也因为第一个结果可能在前几行。有没有类似性能的Pandas方法来做到这一点？谢谢你。

NOTE:This condition (to be an even number) is just an example. I'm looking for a solution that works for any kind of condition on the values, i.e., for a fast one-line alternative to:

注意：此条件（为偶数）只是一个示例。 我正在寻找一种适用于任何类型的值条件的解决方案，即用于快速单行替代：

df[ conditions on df.n ].iloc[0]

Answer 1

回答by Anton vBR

Did some timings and yes using a generator will normally give you quicker results

做了一些计时，是的，使用发电机通常会给你更快的结果

df = pd.DataFrame({'n': np.random.randint(1, 10, size = 10000)})

%timeit df[df.n % 2 == 0].iloc[0]
%timeit df.iloc[next(k for k,v in df.iterrows() if v.n % 2 == 0)]
%timeit df.iloc[next(t[0] for t in df.itertuples() if t.n % 2 == 0)]

I get:

我得到：

1000 loops, best of 3: 1.09 ms per loop
1000 loops, best of 3: 619 μs per loop # <-- iterrows generator
1000 loops, best of 3: 1.1 ms per loop
10000 loops, best of 3: 25 μs per loop # <--- your solution

However when you size it up:

但是，当您将其放大时：

df = pd.DataFrame({'n': np.random.randint(1, 10, size = 1000000)})

The difference disappear:

差异消失：

10 loops, best of 3: 40.5 ms per loop 
10 loops, best of 3: 40.7 ms per loop # <--- iterrows
10 loops, best of 3: 56.9 ms per loop

Your solution is quickest, so why not use it?

您的解决方案是最快的，为什么不使用它呢？

for j in range(len(df)):
    if df.n.iloc[j] % 2 == 0:
        break

Answer 2

回答by peter

I decided for fun to play with a few possibilities. I take a dataframe:

为了好玩，我决定尝试几种可能性。我拿一个数据框：

MAX = 10**7
df = pd.DataFrame({'n': range(MAX)})

(not random this time.) I want to find the first row for which n >= Nfor some value of N. I have timed the following four versions:

（这次不是随机的。）我想找到第一行，n >= N对于N. 我计时了以下四个版本：

def getfirst_pandas(condition, df):
    return df[condition(df)].iloc[0]

def getfirst_iterrows_loop(condition, df):
    for index, row in df.iterrows():
        if condition(row):
            return index, row
    return None

def getfirst_for_loop(condition, df):
    for j in range(len(df)):
        if condition(df.iloc[j]):
            break
    return j

def getfirst_numpy_argmax(condition, df):
    array = df.as_matrix()
    imax  = np.argmax(condition(array))
    return df.index[imax]

with N= powers of ten. Of course the numpy (optimized C) code is expected to be faster than forloops in python, but I wanted to see for which values of Npython loops are still okay.
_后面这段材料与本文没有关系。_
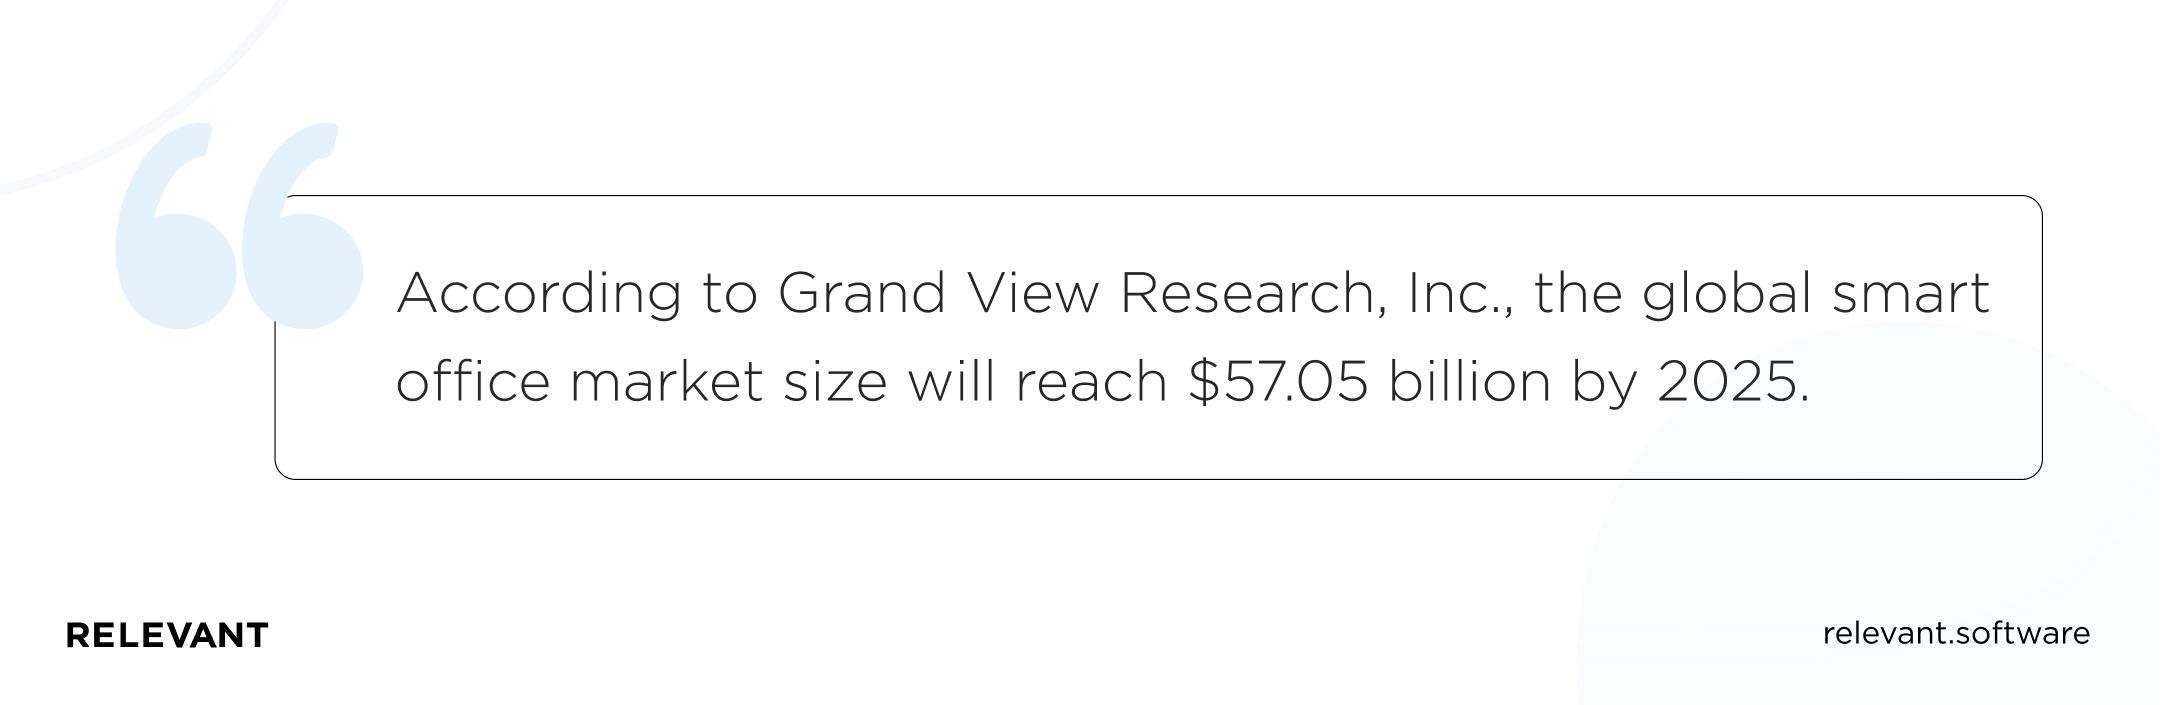 According to Grand View Research, Inc., the global smart office market size will reach .05 billion by 2025.

with N= 十的幂。当然，numpy（优化的 C）代码预计比forpython 中的循环更快，但我想看看Npython 循环的哪些值仍然可以。

I timed the lines:

我对线路进行计时：

getfirst_pandas(lambda x: x.n >= N, df)
getfirst_iterrows_loop(lambda x: x.n >= N, df)
getfirst_for_loop(lambda x: x.n >= N, df)
getfirst_numpy_argmax(lambda x: x >= N, df.n)
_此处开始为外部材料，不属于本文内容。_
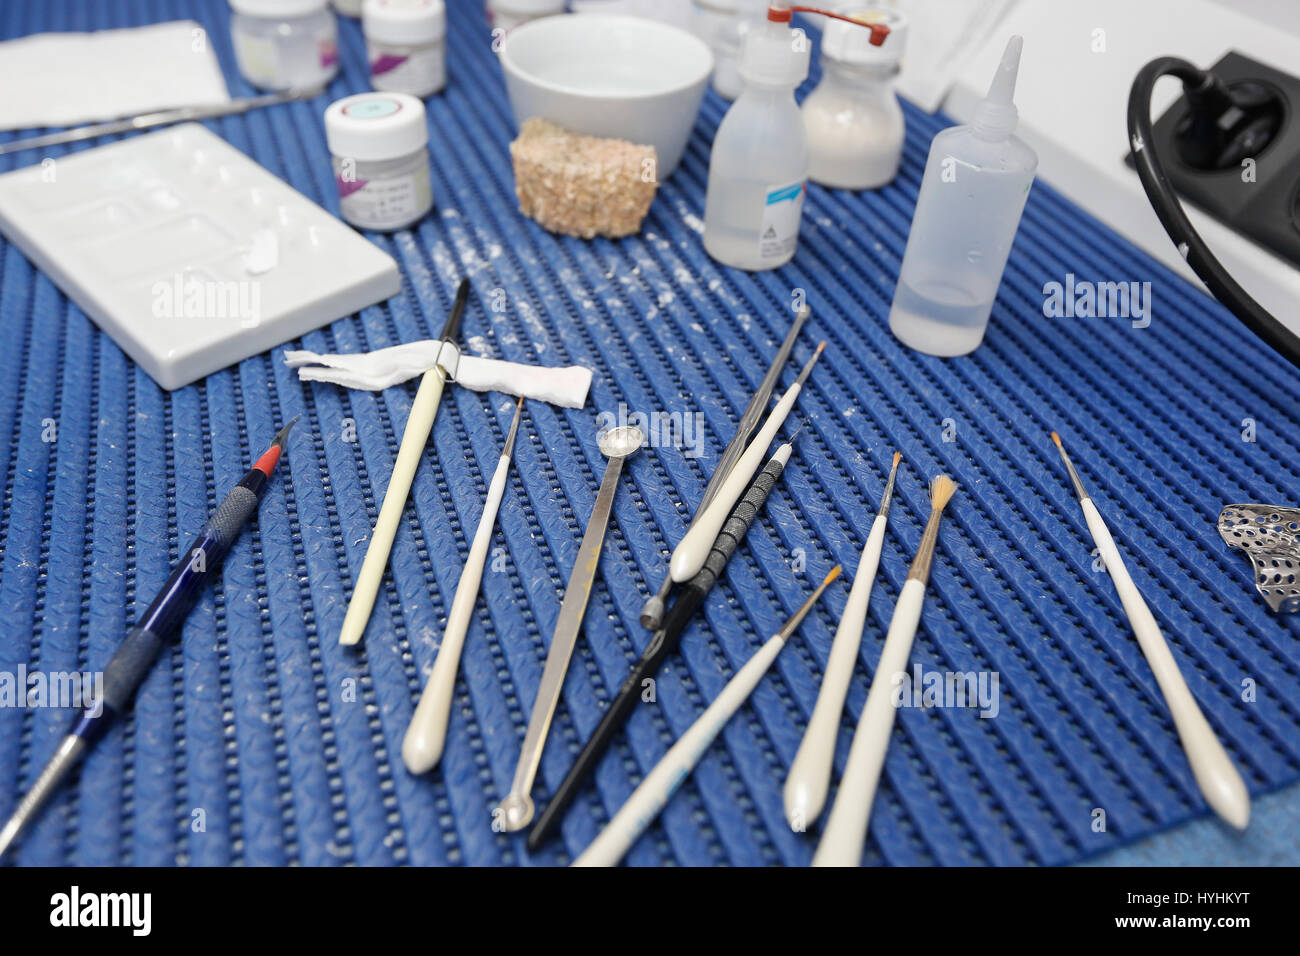 Dental lab tools and instruments for porcelain layering in the process of denture, veneer and implant manufacturing. Dentistry, prostodontics, prosthe Stock Photo

for N = 1, 10, 100, 1000, .... This is the log-log graph of the performance:

为N = 1, 10, 100, 1000, ...。这是性能的日志日志图：

PICTURE

图片

The simple forloop is ok as long as the "first True position" is expected to be at the beginning, but then it becomes bad. The np.argmaxis the safest solution.

for只要“第一个真实位置”预计在开头，简单循环就可以了，但随后就变得糟糕了。这np.argmax是最安全的解决方案。

As you can see from the graph, the time for pandasand argmaxremain (almost) constant, because they always scan the whole array. It would be perfect to have a npor pandasmethod which doesn't.

你可以从图表中，时间看到pandas和argmax保持（几乎）恒定的，因为他们总是扫描整个阵列。拥有一个没有的nporpandas方法将是完美的。

Answer 3

回答by ajsp

Zipboth the index and column, then loop over that for faster loop speed. Zipprovides the fastest looping performance, faster than iterrows()or itertuples().

Zip索引和列，然后循环它以获得更快的循环速度。Zip提供最快的循环性能，比iterrows()or快itertuples()。

for j in zip(df.index,df.n):
        if j[1] % 2 == 0:
                index_position = j[0]
                break

Answer 4

回答by Thomas Fauskanger

An option to let you iterate rows and stop when you're satisfied, is to use the DataFrame.iterrows, which is pandas' row iterator.

让您迭代行并在满意时停止的一个选项是使用 DataFrame.iterrows，它是Pandas的行迭代器。

In this case you could implement it something like this:

在这种情况下，您可以像这样实现它：

def get_first_row_with(condition, df):
    for index, row in df.iterrows():
        if condition(row):
            return index, row
    return None # Condition not met on any row in entire DataFrame

Then, given a DataFrame, e.g.:

然后，给定一个 DataFrame，例如：

df = pd.DataFrame({
                    'cats': [1,2,3,4], 
                    'dogs': [2,4,6,8]
                  }, 
                  index=['Alice', 'Bob', 'Charlie', 'Eve'])

That you can use as:

您可以将其用作：

def some_condition(row):
    return row.cats + row.dogs >= 7

index, row = get_first_row_with(some_condition, df)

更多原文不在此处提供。